28.03.2024

Правила. Правила доктора Аграновского

-


Доктор биологических наук, профессор МГУ, авторитетный вирусолог, автор множества публикаций в престижных научных журналах; известный в московских музыкальных кругах блюзмен, основатель и лидер группы «Черный хлеб»; сын патриарха отечественной журналистики Анатолия Аграновского и внук спецкора «Правды» Абрама Аграновского. Все это — об одном человеке, Алексее Аграновском, или, как зовут его коллеги-музыканты, Докторе Аграновском. Нашу беседу он, вопреки канонам интервью, начинает сам — с вопросов о последних событиях и ситуации в российских СМИ — и неожиданно заявляет, что он консерватор и в интернете новостей не читает. 

 

— А откуда же вы их узнаете?

— От людей, из газет… Дочка, например, приносит «Коммерсант». По старой памяти — мой папа там когда-то работал — просматриваю иногда «Известия». Какие-то они стали жалкие, а была ведь такая классная газета еще несколько лет назад. Я даже не понял, что с ними сделали, очень жаль. Очень был достойный журнал «Итоги», а его взяли и закрыли. Мне жалко многие бумажные издания, которые скопытились. Я оттуда получал информацию, которой верил. Для меня это вопрос интуиции. Я могу даже верить некоторым программам центрального телевидения, до определенной степени, конечно, сопоставляя информацию. Мне не хватает одних только каналов «Евроньюс» и CNN. 

 

— И все-таки, почему не интернет? Там ведь и на события реагируют оперативнее, и можно найти подачу на любой вкус.

— Наверное, я несовременный человек. Мне интернет просто неудобен для получения информации, и там слишком много вот этой разноголосицы. Она, безусловно, нужна, но должна быть «красота без пестроты», как кто-то из церковных классиков говорил. 

Я всю жизнь был леваком. Это было нормой для студенчества и молодой научной поросли 70-80-х. И я себе тогдашний очень напоминаю теперешнюю либеральную интеллигенцию, к которой отношусь вполне нежно. Но я помню и излишнюю доверчивость, это единомыслие и даже, выражаясь словами другого классика, «либеральный террор» того времени. Не дай бог тогда было в компании на кухне не просто сказать что-то положительное о советской власти, а хотя бы не выразить ее определенного отрицания — тебе немедленно говорили, выпучив глаза: а-а-а, недаром ты был комсоргом на втором курсе. И все в таком духе в ответ на любую реплику, отличную от «я ненавижу советскую власть». Это я про 70-е вам рассказываю, и это мне во многом напоминает теперешний тон, к примеру, «Эха Москвы». Очень жалко, это так все неумно.

— А как умно?

— Для меня существуют некие стандарты, например, мой отец. Работая в самые глухие, застойные времена, он не высказывал всего, что думал, но при этом никогда не писал и того, что не думал. В этой недосказанности был даже какой-то кайф, потому что умный и сдержанный читатель все равно это вычитывал. Как говорил о музыкантах гитарист Валерий Гелюта (московский музыкант, исполнитель блюза и рок-н-ролла — прим. ред.), «у него каждая нота в законе». У моего папы так каждое слово было, и это для меня один из стандартов. А внимательные читатели есть всегда. Времена меняются не так сильно, как нам хочется и думается.

 

— Кто еще, кроме отца, был для вас нравственным ориентиром?

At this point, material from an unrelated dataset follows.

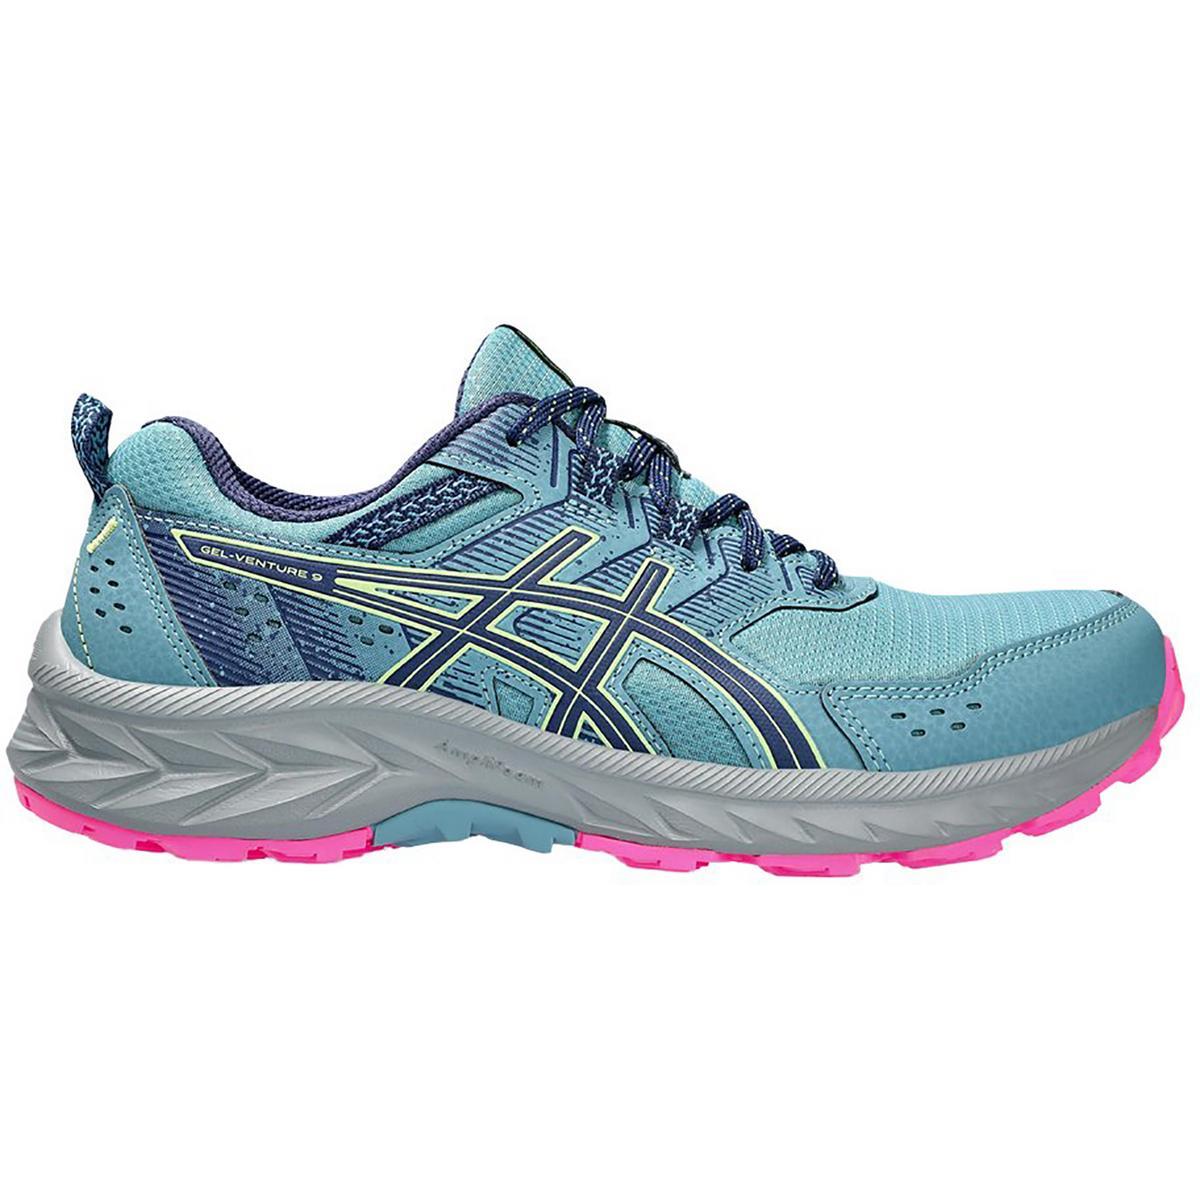 Asics Womens Gel-venture 9 Gym Athletic and Training Shoes Sneakers Bhfo 6559 Gris Blue/Deep Ocean

— Двоюродный дядя Израиль Ефимович Этерман. Его суждения, оценки событий текущей политической и общественной жизни были для меня очень важны, да и вообще сама его стилистика, а она ведь есть и в частной жизни тоже. Как ко всему нужно относиться? Без пены у рта. Это то, чему я у отца и дяди научился. 

Думаю, если бы отец дожил до времен ранней перестройки, ему бы там было неуютно, потому что очень много глупостей говорилось, уровень полемики невероятно быстро опустился. Отец вообще не любил спорить. Он жил по принципу «зачем говорить, когда можно не говорить». Такая его взвешенность объяснялась не существовавшей цензурой, а тем, что он был человек не нервный.

— А в нынешнее время каково бы ему было, на ваш взгляд?

— Не думаю, что комфортно, но это совершенно естественный процесс. Дело не в том, что он, святой и цадик, дожил бы вдруг до времен, когда низкие моральные стандарты в обществе укоренились, вовсе нет. Просто каждый человек переживает время своего пика, после которого ему тяжеловато. 

 

— Наверняка у вас, выросшего в такой неординарной семье, было особенное детство. Какие ваши самые яркие детские воспоминания? 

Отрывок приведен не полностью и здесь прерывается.